By Cindy Skrzycki
Tuesday, January 13, 2009
A tough economy and the prospect of Cass Sunstein as regulatory czar may moderate the Obama administration's wholesale elimination of President Bush's last-minute rules and the direction of health and safety policy.
Transition officials and congressional Democrats are compiling an arsenal of administrative weapons to rescind or remove final rules they want off the books. Yet the momentum may be slower than public-interest allies hope when President-elect Barack Obama's team calculates how those rules will affect a stimulus package and its new bottom line -- jobs.
This prospect delights the business community, which is coming to realize that the rising U.S. unemployment rate is its most powerful antidote for fighting environmental and other groups that want to roll back many of the 102 rules the Bush administration has issued since November.
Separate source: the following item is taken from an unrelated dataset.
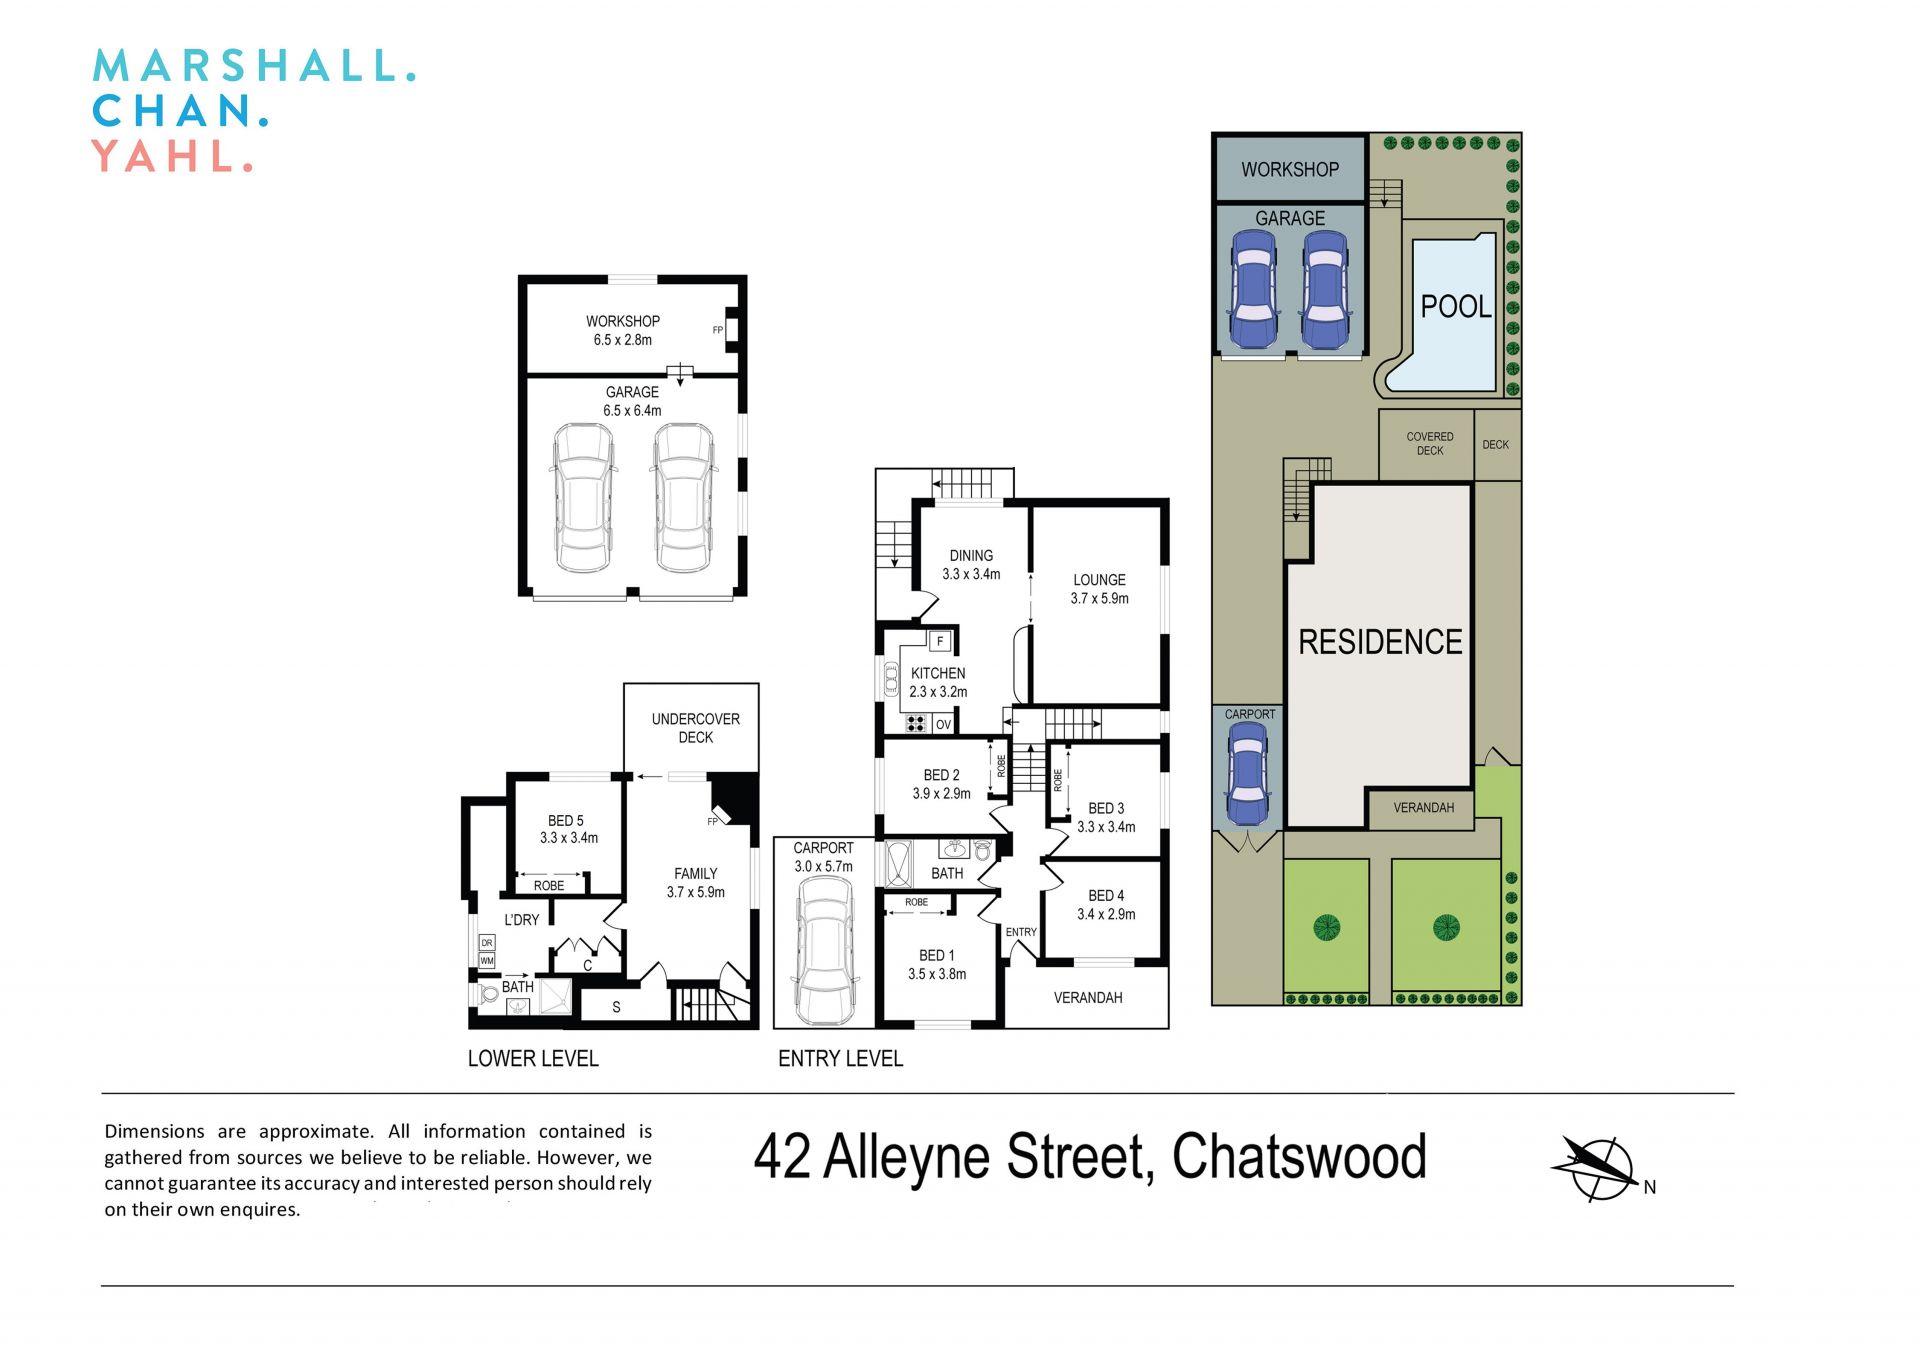 42 Alleyne Street Chatswood 2067

Industry trade associations also have been quietly applauding Obama's appointment of Sunstein to run the White House office that reviews regulations. Sunstein has written prolifically on the costs and benefits of rulemaking, and some of those writings worry Obama supporters.
"These appointments say, 'There has to be analysis,' " said Thomas Sullivan, who was the official advocate for small business in the Bush administration. He was referring to Sunstein and Peter Orszag, the proposed head of the Office of Management and Budget.
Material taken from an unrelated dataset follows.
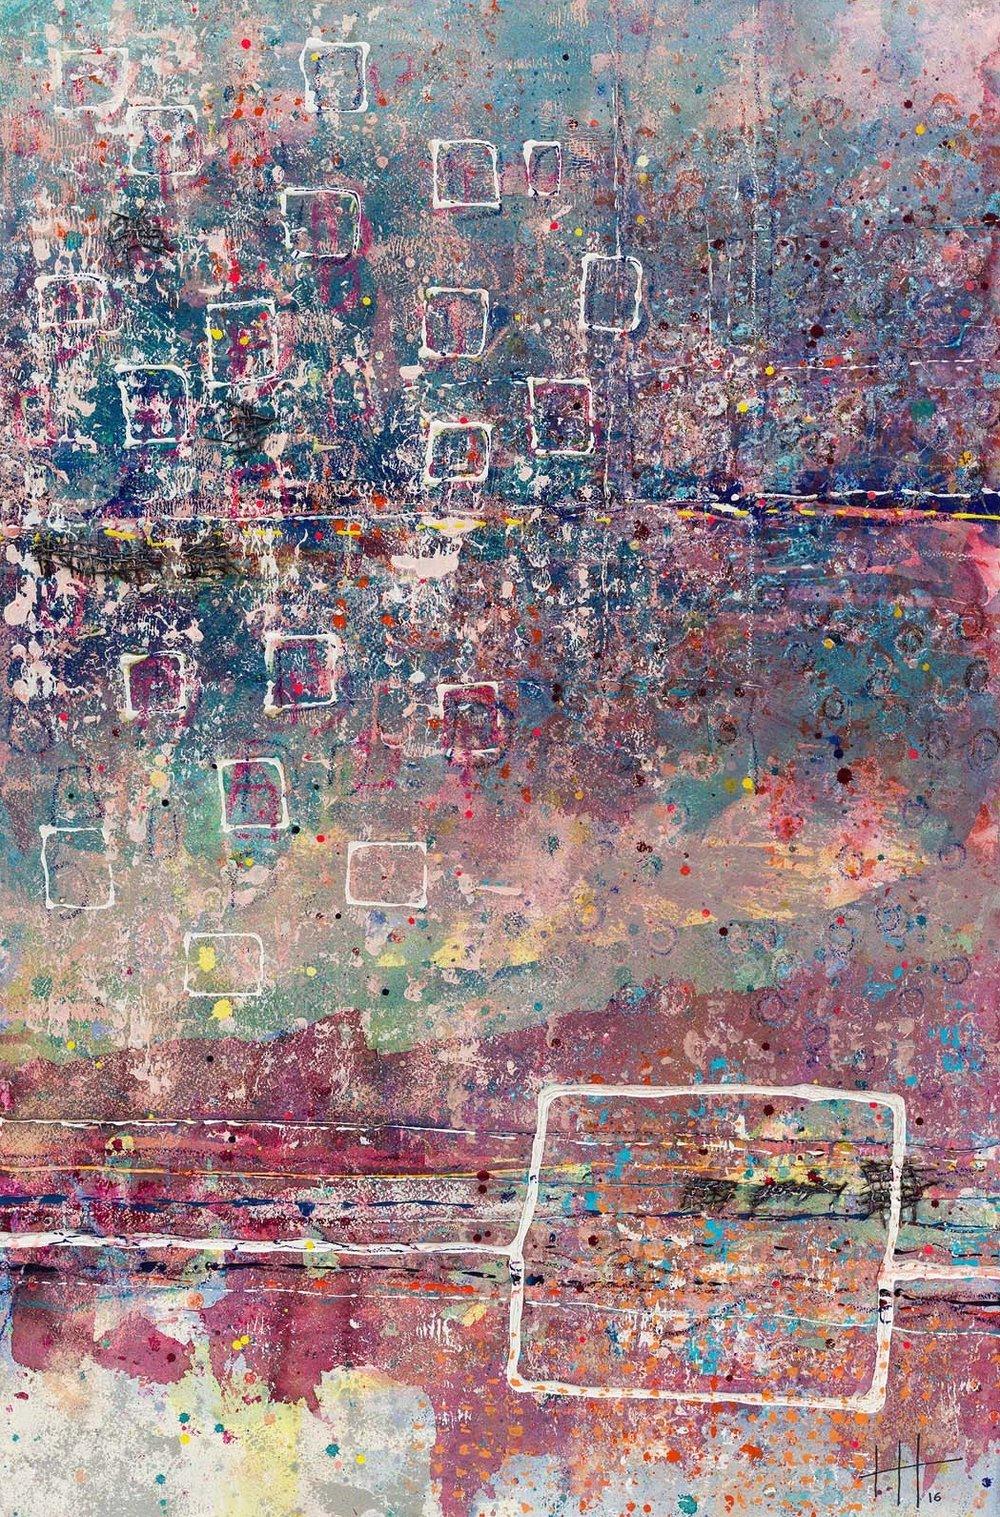 'Evening Walk' Acrylic & Mixed Media / 129cm x 93cm (framed) £1,750

Orszag runs the Congressional Budget Office. Sunstein was nominated to lead the OMB's Office of Information and Regulatory Affairs, which reviews major rules, some of which are politically charged.
Those who know Sunstein say his academic career at the University of Chicago, where he knew Obama, and at Harvard has been devoted to defending regulation while also balancing the cost and value of rules.
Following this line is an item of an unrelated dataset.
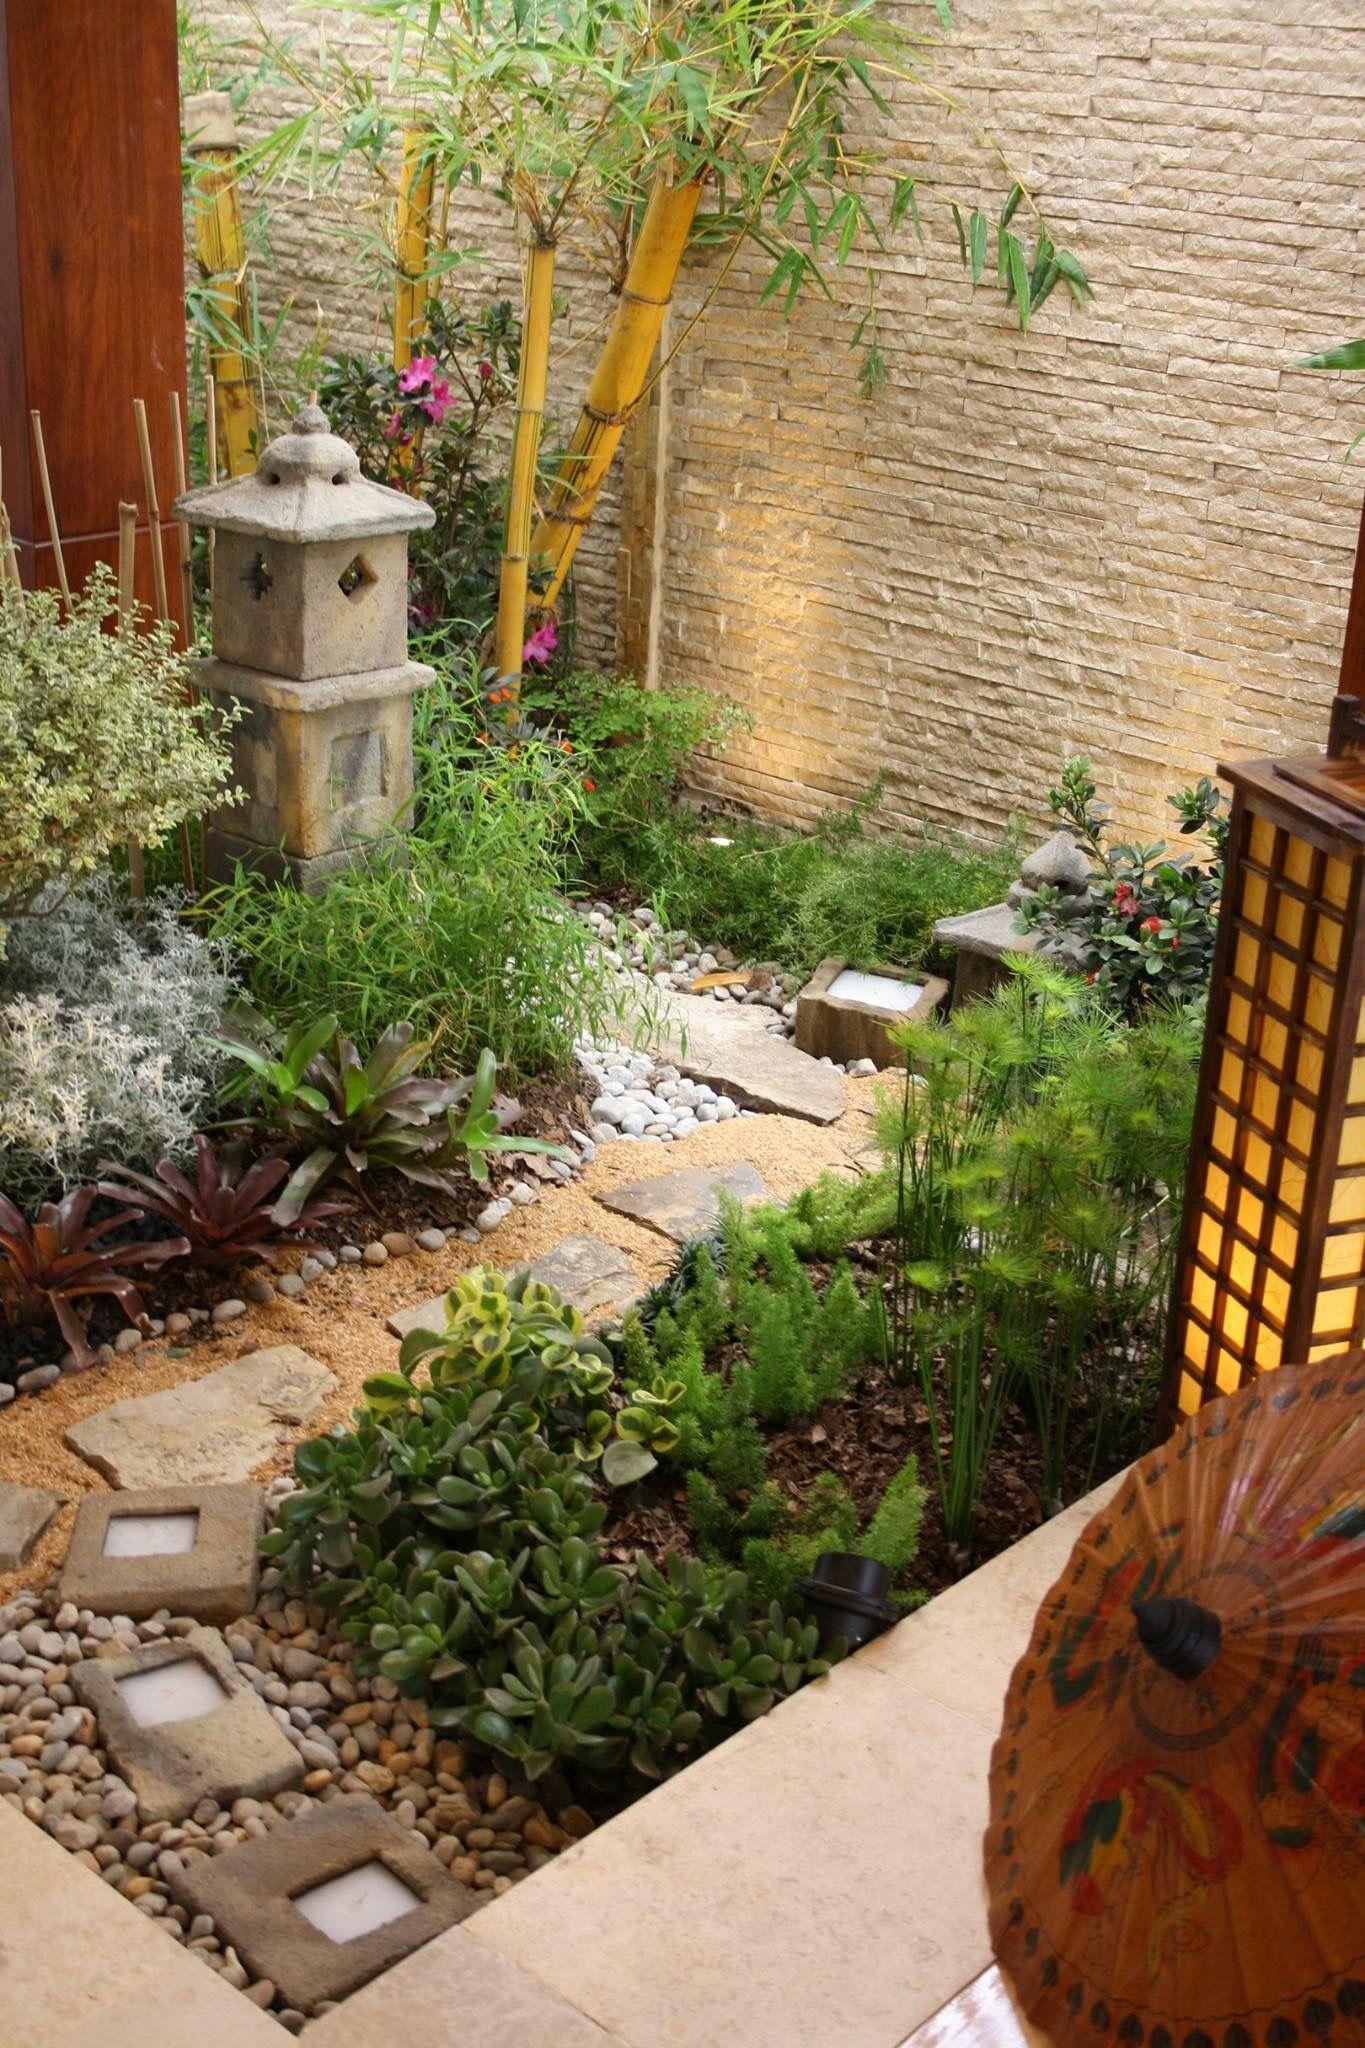 Lindo para jardines peque os jardines peque os for Jardines interiores pequenos minimalistas

William Kovacs, vice president of environment, technology, and regulatory affairs at the U.S. Chamber of Commerce, says he is sanguine about how Obama's appointees will handle old and new rules because of the incoming administration's emphasis on tax cuts and spending $800 billion on creating new jobs.
"Not everything the Bush administration did was bad," Kovacs said. "If I were them," he said, referring to Obama regulators, "I would proceed with great caution and worry about the economy first."
Some public interest groups expressed concern that Sunstein, 54, may slow the pace of regulation once he is confirmed. They are poring over his academic papers and looking for red flags.
Some cite a paper he wrote last year on whether the Occupational Safety and Health Administration is unconstitutional.
"He is smart and prolific, but he is a true believer in cost-benefit analysis," said Rena Steinzor, a University of Maryland law professor and president of the Center for Progressive Reform, a liberal academic think tank in Edgewater, Md. "He would not have found an arsenic regulation to be justified. This makes him extremely conservative on regulatory issues."
David Vladeck, a law professor at Georgetown University who has litigated dozens of worker health and safety cases for Public Citizen and other groups, also voiced concern.
"There is a lot of fear that he is a John Graham in progressive garb," Vladeck said. "But there is a huge difference from looking at something from an academic perspective and as a regulator."
John Graham, who ran the Office of Information and Regulatory Affairs from 2001 to 2006, centralized review of rules in the White House; used financial analysis aggressively; and locked horns continually with liberal-minded public interest groups, particularly on environmental issues.
Graham, now dean of the Indiana University School of Public and Environmental Affairs, said Sunstein is an innovator in applying cost-benefit analysis, taking into account the environment and low-income populations. "He cares deeply for the president's need for leadership in regulatory policy," he said
Sunstein's wrote a book in 1990 called "After the Rights Revolution: Reconceiving the Regulatory State," which talks about the superiority of regulation to free market economics.
Another book, "The Second Bill of Rights: FDR's Unfinished Revolution and Why We Need it More Than Ever," may explain another connection to Obama. The title is a reprise of Roosevelt's call for government to provide economic security, a theme that runs through the president-elect's remarks on the U.S. economy.
Obama will have several ways to undo so-called midnight rules issued by the Bush White House, including freezing those in the pipeline, quickly issuing interim or new rules to override the Bush products, and putting a moratorium on rules -- as Bush did when President Clinton left office.
In addition, Congress can block funding to enforce rules or dust off a congressional review law to kill them.
"This is an intellectual giant," Gary Bass, head of OMB Watch, said of Sunstein. "I want to give him an opportunity to hear his viewpoints."
Bass said the litmus test will be whether Sunstein can reconcile what he has said on paper with the new president's professed agenda to overhaul the regulatory system to address workplace, environmental, consumer and financial protections.